Roses are red.
Violets are blue.
Poetry on Demand
WHEN — 4-7 p.m. today
WHERE — Between Oscar’s Cafe and Mary Tait’s design shop on White Street in Eureka Springs
COST — $3 donation per poem
INFO — 253-7444 or writerscolony.org
BONUS — Among the poets scheduled to be on hand are Joanie Roberts from Village on the Lakes Writers and Poets in Bella Vista; Cyndi Peterson from Mountain Home; poet and editor Mary Meriam; and writer and poet Kate Lucariello.
Poets paint words.
They're artists, too.
At least, that's the idea Linda Caldwell, director of the Writers Colony at Dairy Hollow, pitched to White Street Walk organizers three years ago. She had learned about the trend of "poetry on demand," and she suggested local poets break out their typewriters and get busy.
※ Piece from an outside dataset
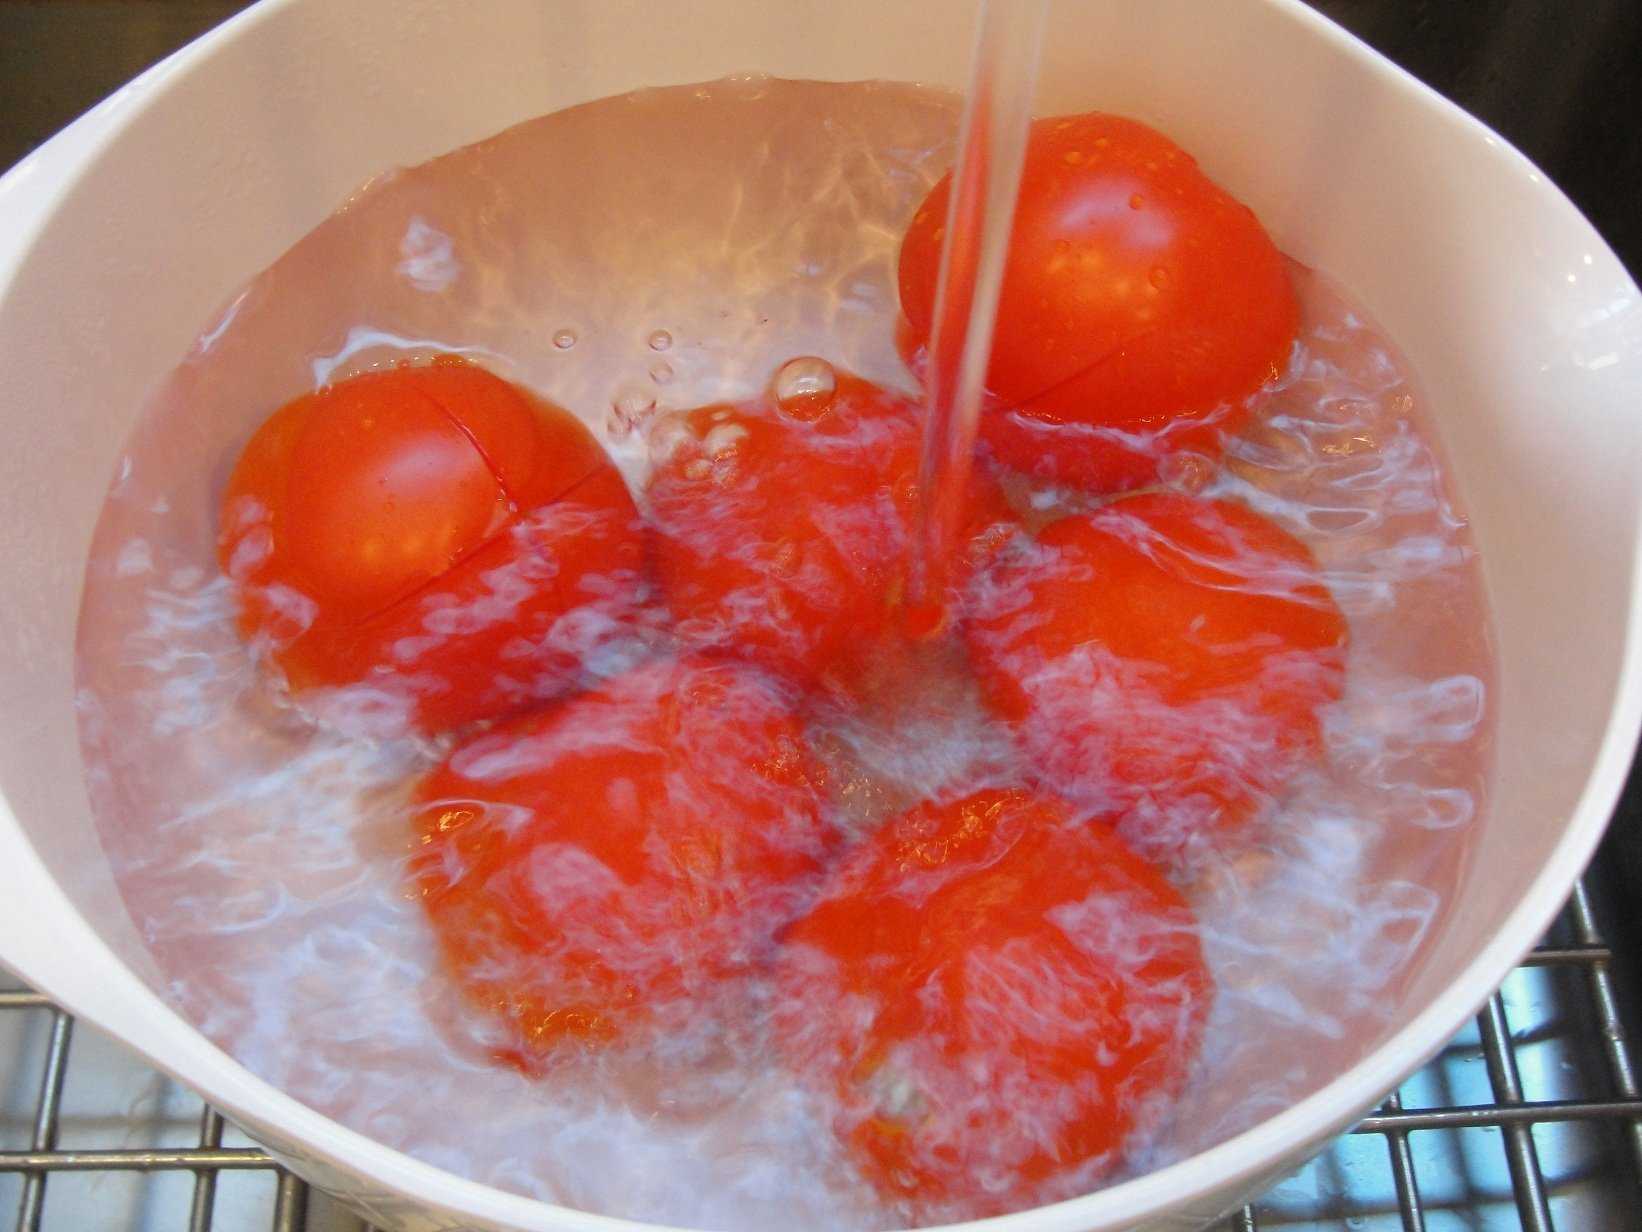 Как снять кожуру с помидора: очистить быстро от шкурки, бланшировка кипятком и в микроволновке, видео

It turned into an entertaining evening for everyone involved.
Like a cartoonist who might create a caricature, poets will wait poised for White Street walkers to approach. For $3, a "customer" will get an original poem, composed on the spot and based on information shared with the poet. "Or," Caldwell says, "you can ask for a poem about fairies. Or zombies. Or anything at all.
"We've had people brought to tears," she adds. "It really is wonderful."
The donations, which will go back to the Writers Colony, might total $100, she adds, laughing, but that's not the point.
"First, we want people to think of writing as an art -- because it is," she says. "Second, we're always trying to do community outreach, because a surprising number of people don't know we're here or what we do."
Celebrating its 20th anniversary in 2020, the Writers Colony was born on the grounds of Dairy Hollow House, a country inn and restaurant operated from 1980 to 1998 by author and entrepreneur Crescent Dragonwagon and her husband, Ned Shank, who died in 2000. As a writers' residency retreat, the Writers Colony at Dairy Hollow hosts as many as eight authors at a time for stays of one week up to three months. During that time, says Caldwell, "we take care of them, nurture them and protect their privacy so they can focus on their writing."
"We serve dinner five nights a week -- that's their time for networking and social time -- keep the kitchen stocked and let them work," Caldwell says. "I'm more or less a concierge if I need to be."
Over the years, she says, writers have come from as far away as England and Barbados, although most are American.
"This is just a fun way to remind people we're here."